[This local archive copy mirrored from the canonical site: http://www.techno.com/need2know/index.html; links may not have complete integrity, so use the canonical document at this URL if possible.]

What You Need to Know About the New HyTime

Steven R. Newcomb

If none of the following statements applies to you, it's just barely possible that you don't need to know anything about the new HyTime, and you should stop reading this article immediately. (Don't bet on it, though.) This list is by no means complete; it's meant to pique your interest.

You need to modify a DTD for purely local reasons, but you can't because to do so would compromise your ability to interchange information.
You'd like to combine more than one DTD to get the features of all of them in a single document type.
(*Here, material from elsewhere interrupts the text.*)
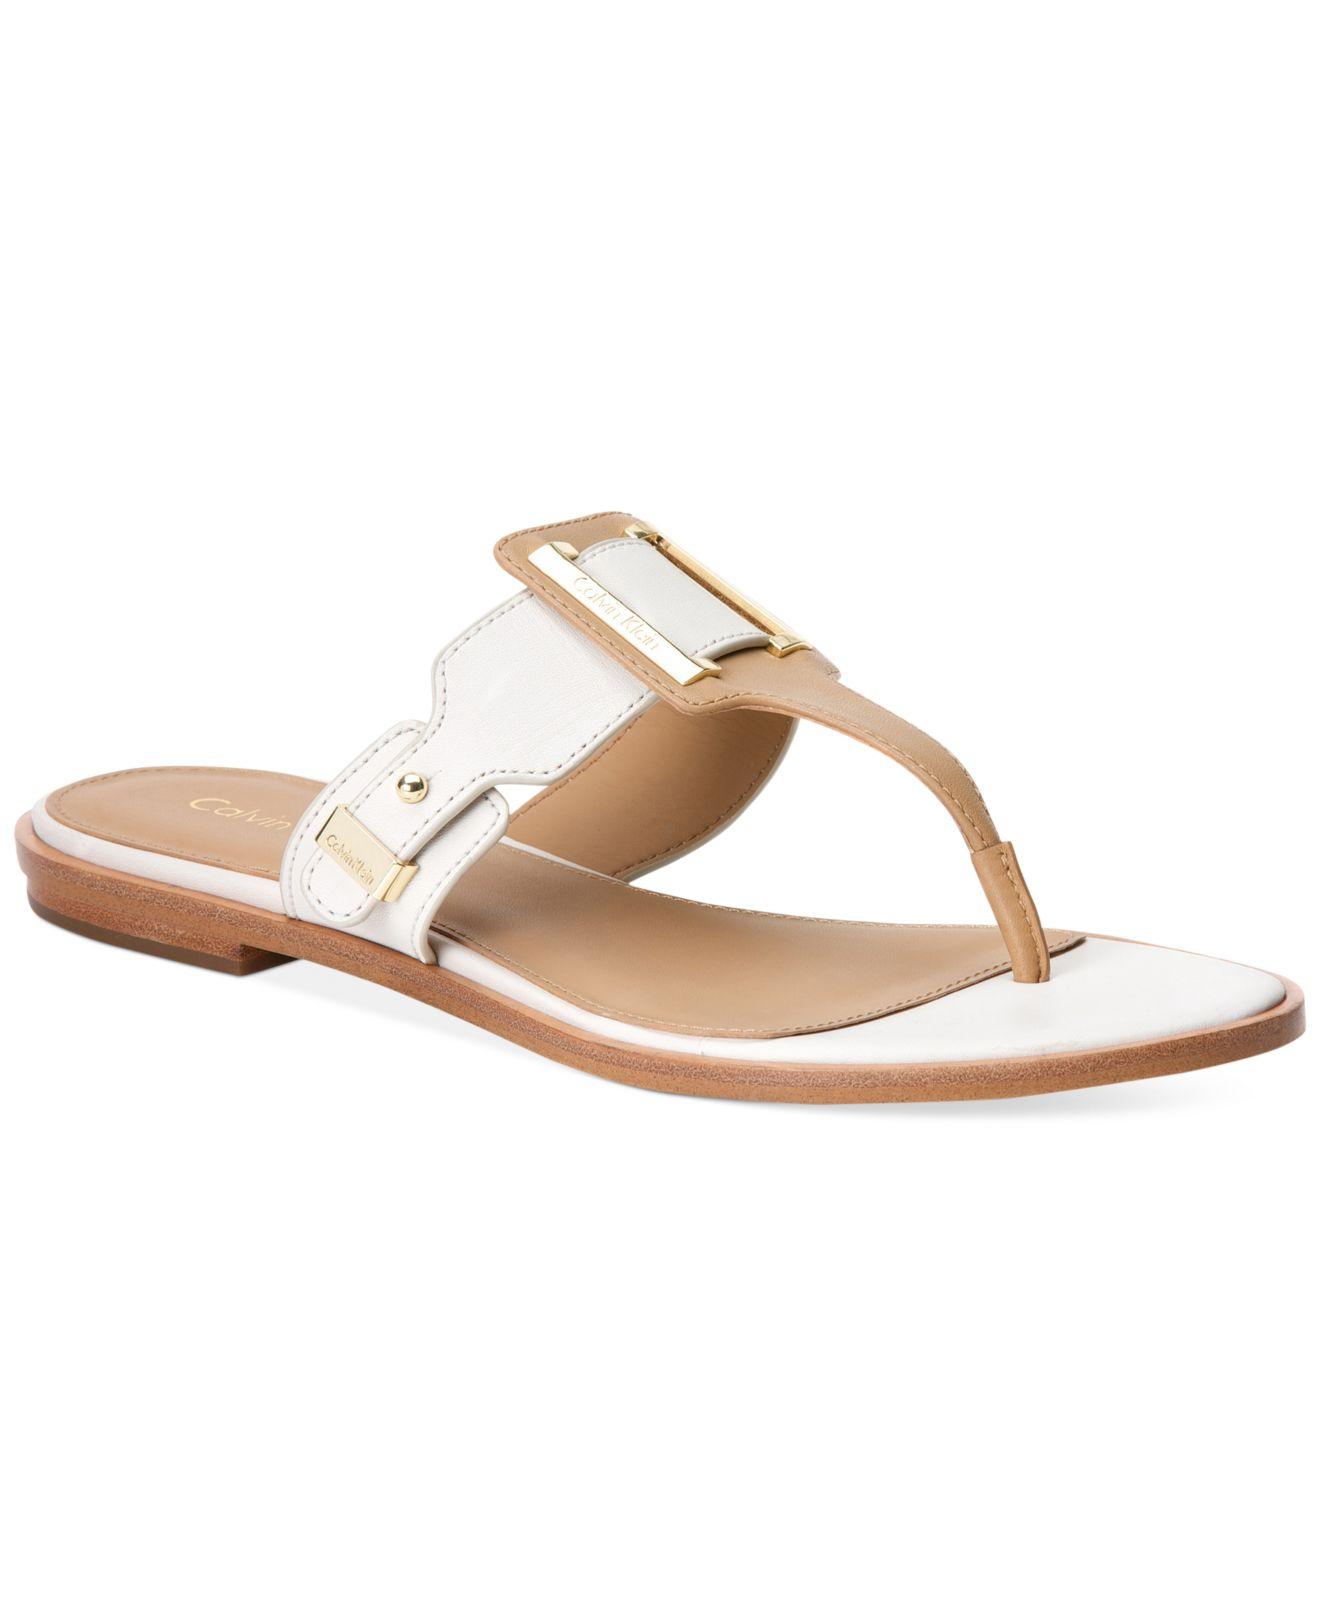 Ula Buckle Thong Sandals in Metallic - Lyst

You need to do this without name collisions, without changing the DTDs to be combined, all while smoothly taking into account any overlapping or duplicated semantics.
You think it would be very nice to express in a standard way that, in order for the document to be regarded as valid and well-formed, certain strings (in content or in attribute values) must conform to certain lexical models.
You are concerned about the growing number of formally undifferentiated classes of system identifiers, such as filesystem addresses, URLs, addresses of compressed, encrypted, and/or sealed files, and addresses of files within multifile container files (such as zip files, tar files, and MIME messages).
You want to understand fully the "property set" and "grove" paradigm on which Standard Document Query Language (SDQL), the fundamental query language shared by both HyTime and DSSSL, is based.
In any case where element A contains element B, and element B has content, you need to verify that the content of element B would be valid in its context as the content of element A (i.e., even after deleting the effective start tag and end tags of element B).
You want your element type names to be self-describing, in an internationally standardized way, without having to make them longer.
You need to provide values for the attributes of notations used in the content of specific elements.
You'd like to declare the notation of data used as the values of attributes.
You'd like to require that the IDs given in the value of particular IDREF attributes be the IDs of particular element types.
You'd like to be able to change the default values of attributes in the middle of a document instance, instead of always being whatever default value was given in the DTD.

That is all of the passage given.